Lynne, to make an appointment with a Memorial Sloan Kettering doctor, your daughter can call our Physician Referral Service at 800-525-2225. Our Physician Referral experts will be able to answer her questions and help determine the best doctor for her diagnosis. You can go to http://www.mskcc.org/cancer-care/appointment to learn more about what information she will need when she calls. Thank you for your comment.

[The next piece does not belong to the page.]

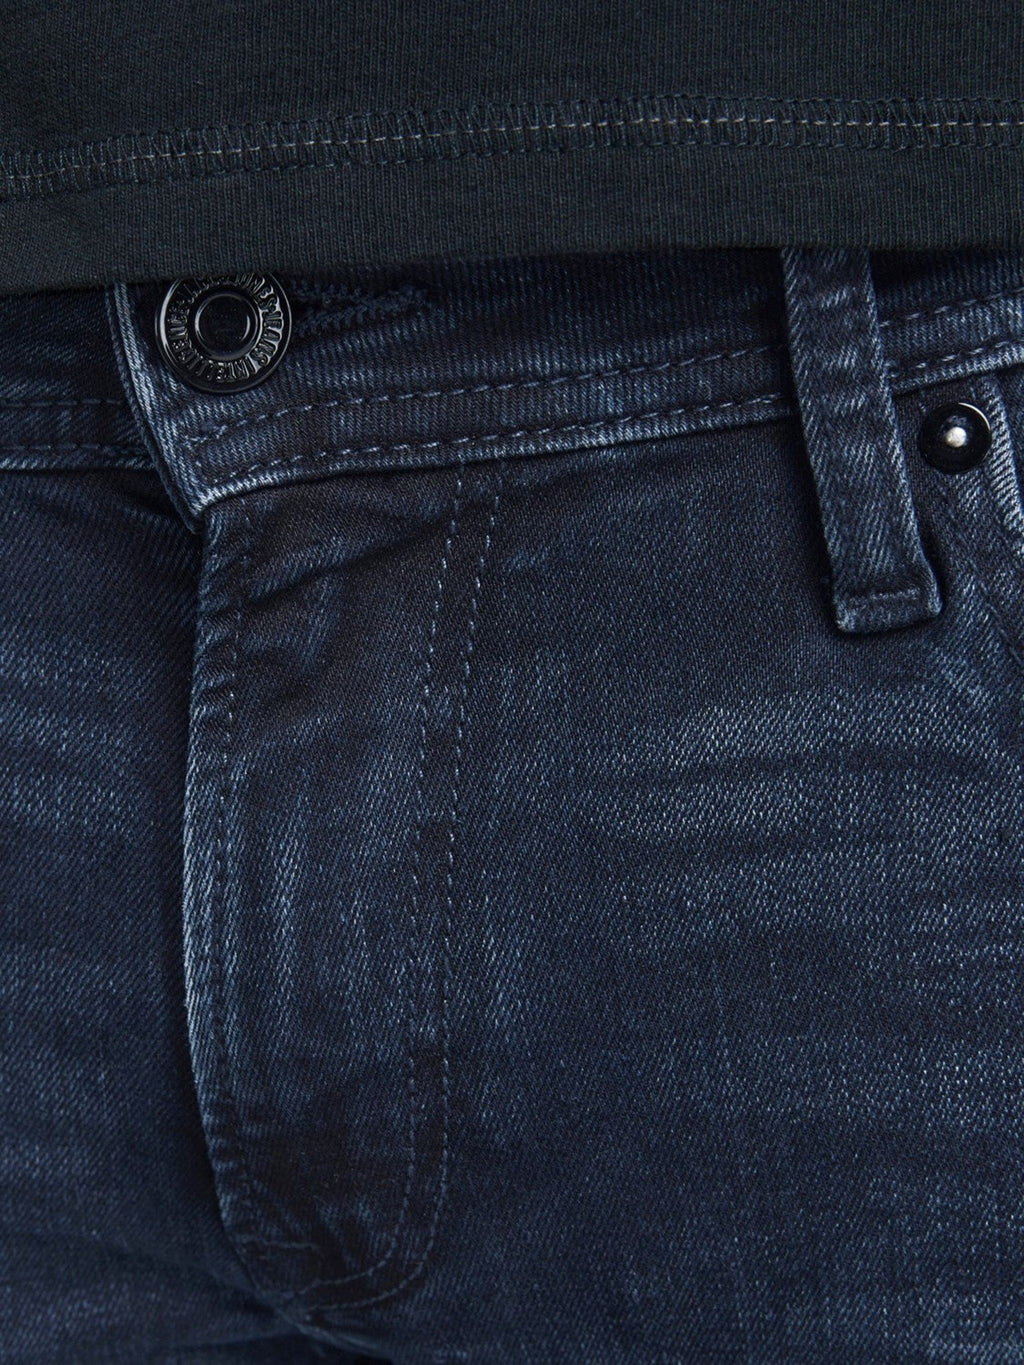 Liam Original Jeans 004 - Blå denim

Great article! Thanks for the info!
I just want to send a comment to all MSKCC cancer doctors - Maintaining pregnancy and safe delivery are a whole different story from getting pregnant. I was TTC when my rectal cancer was diagnosed, had LAR with no RT or chemo, and was told by my surgeon, onc, and GI there was no effect on pregnancy. I went ahead spending over $30K on fertility treatment. My first pregnancy ended in missed miscarriage at 8wks (never miscarried before with two live births vaginally delivered at full term prior to cancer). Before my RE agrees to start next FET cycle, I got referrals to MFMs and pelvic disorder specialists. I was informed of the possibility that I may need surrogacy. I just wish my story could remind these cancer-focused doctor that discussions like this should involve consultations to the OB communities as well, esp. REIs and MFMs should be consulted before you offer your patients any advice. Had I been fully informed with the pregnancy risks after colorectal cancer surgery, we probably wouldn't have poured that much money into IVF.
http://www.ncbi.nlm.nih.gov/m/pubmed/23371020/

Dear Annie, we are sorry to hear about your miscarriage and all you've had to endure. We work closely with REI and MFM and would not offer a fertility sparing approach if they felt pregnancy was not realistic. Thank you for sharing your experience.